Страдание сделало его дерзким и смелым.
— Ничего подобного! — огрызнулась она, разозленная тем, что он угадал правду. — И я не желаю, чтобы вы так со мной разговаривали. Мне совсем не нужен этот несчастный жакет, если хотите знать. И можете получить назад ваши несчастные деньги, не нужны они мне. И оставьте меня в покое раз и навсегда. У меня и без вашей помощи будут жакеты, сколько угодно!
Сказав это, она повернулась и пошла прочь. Но Клайд, уже думая, как всегда, только о том, чтобы ее умилостивить, бросился за ей.

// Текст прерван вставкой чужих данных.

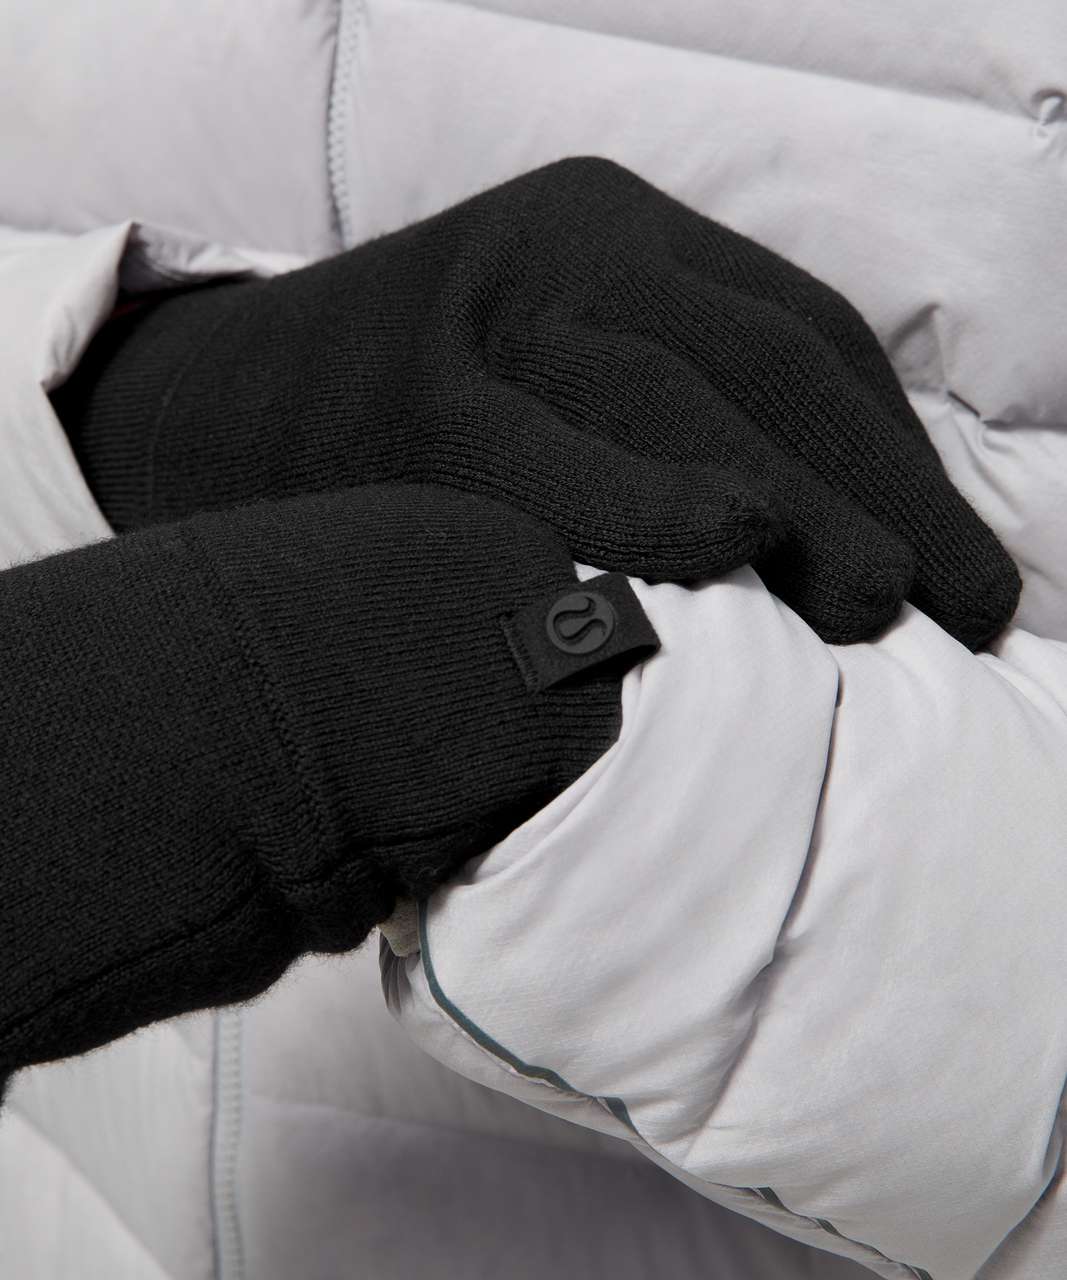 Lululemon Alpine Air Glove - Black / Graphite Grey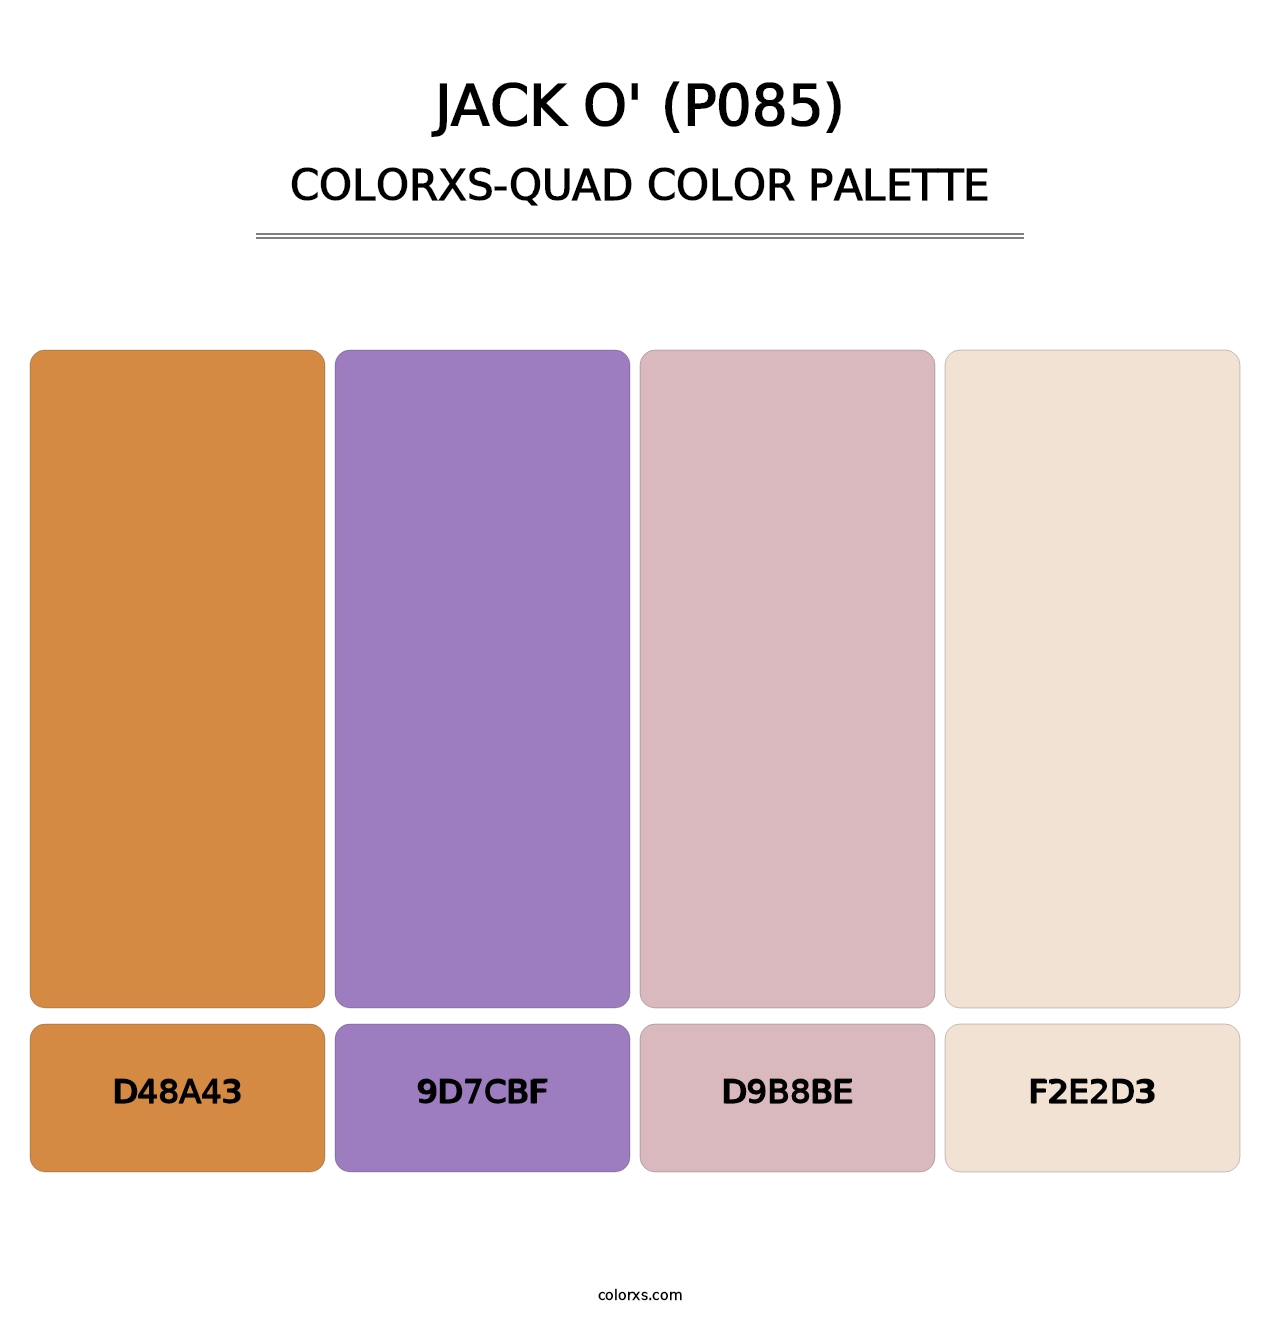 Jack O' (P085) - Colorxs Quad Palette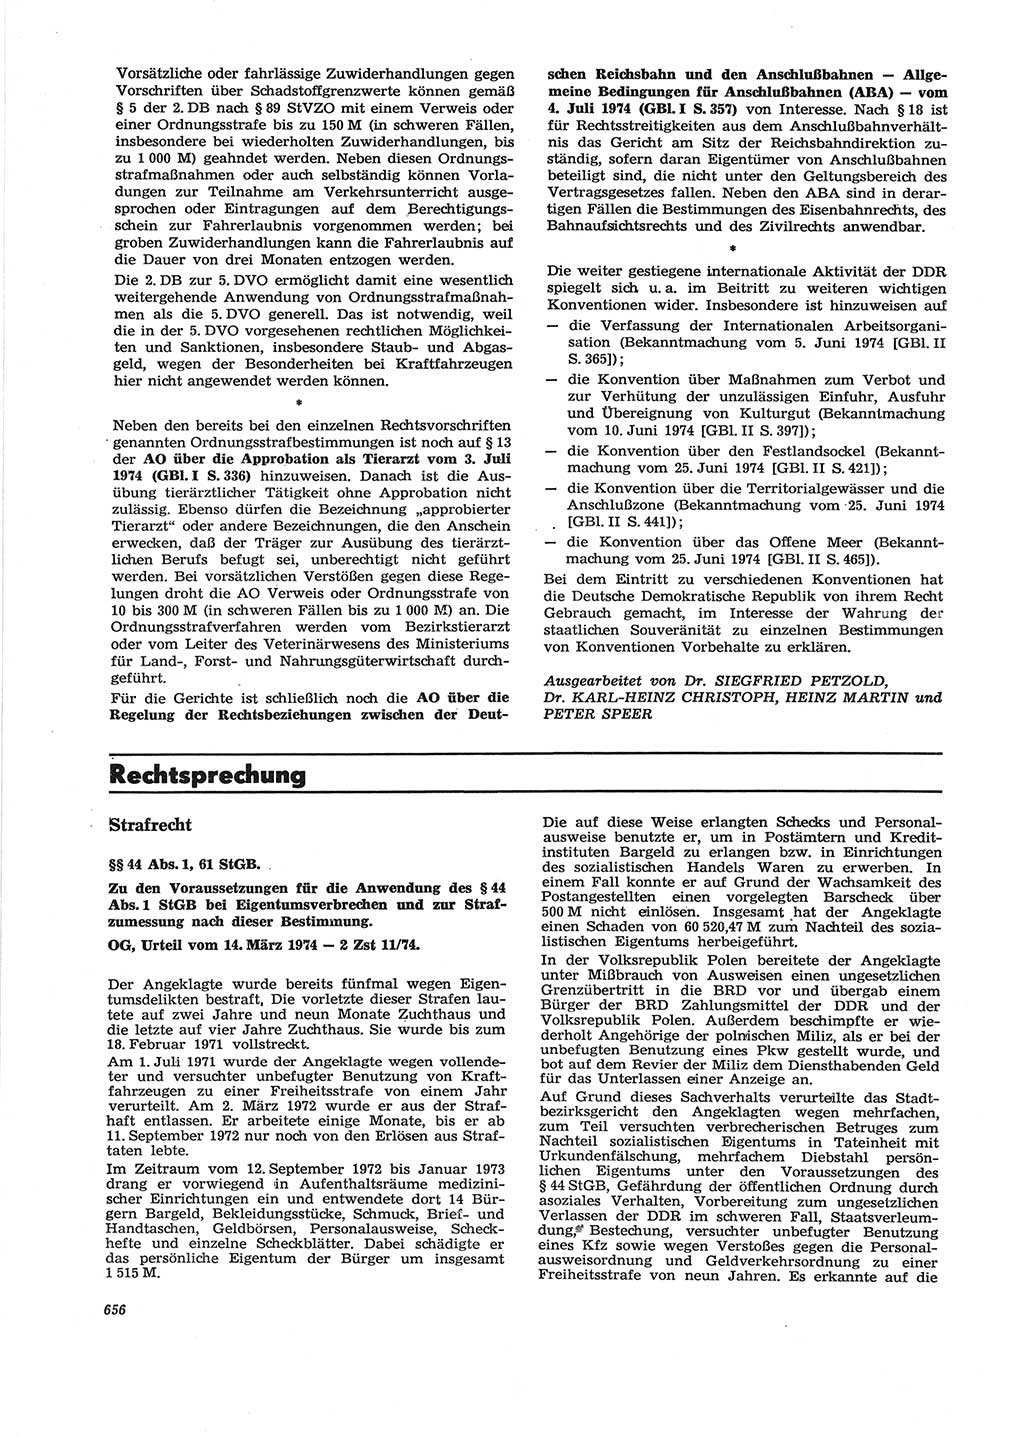 Neue Justiz (NJ), Zeitschrift für Recht und Rechtswissenschaft [Deutsche Demokratische Republik (DDR)], 28. Jahrgang 1974, Seite 656 (NJ DDR 1974, S. 656)

— Не уходите, Гортензия, — просил он. — Подождите минутку. Я ничего такого не думал, честное слово. Я без ума от вас, честное слово. Разве вы не видите? Ну, пожалуйста, не уходите. Я совсем не для того даю вам деньги, Чтобы получить что-то взамен. Возьмите их просто так; если хотите… Я никого на свете так не люблю, никогда не любил. Возьмите все деньги, не надо мне их. Но только я думал, что и вы немножко любите меня. Неужели я совсем, совсем вам безразличен, Гортензия?
Он казался покорным и испуганным, и она, почувствовав свою власть над ним, немного смягчилась.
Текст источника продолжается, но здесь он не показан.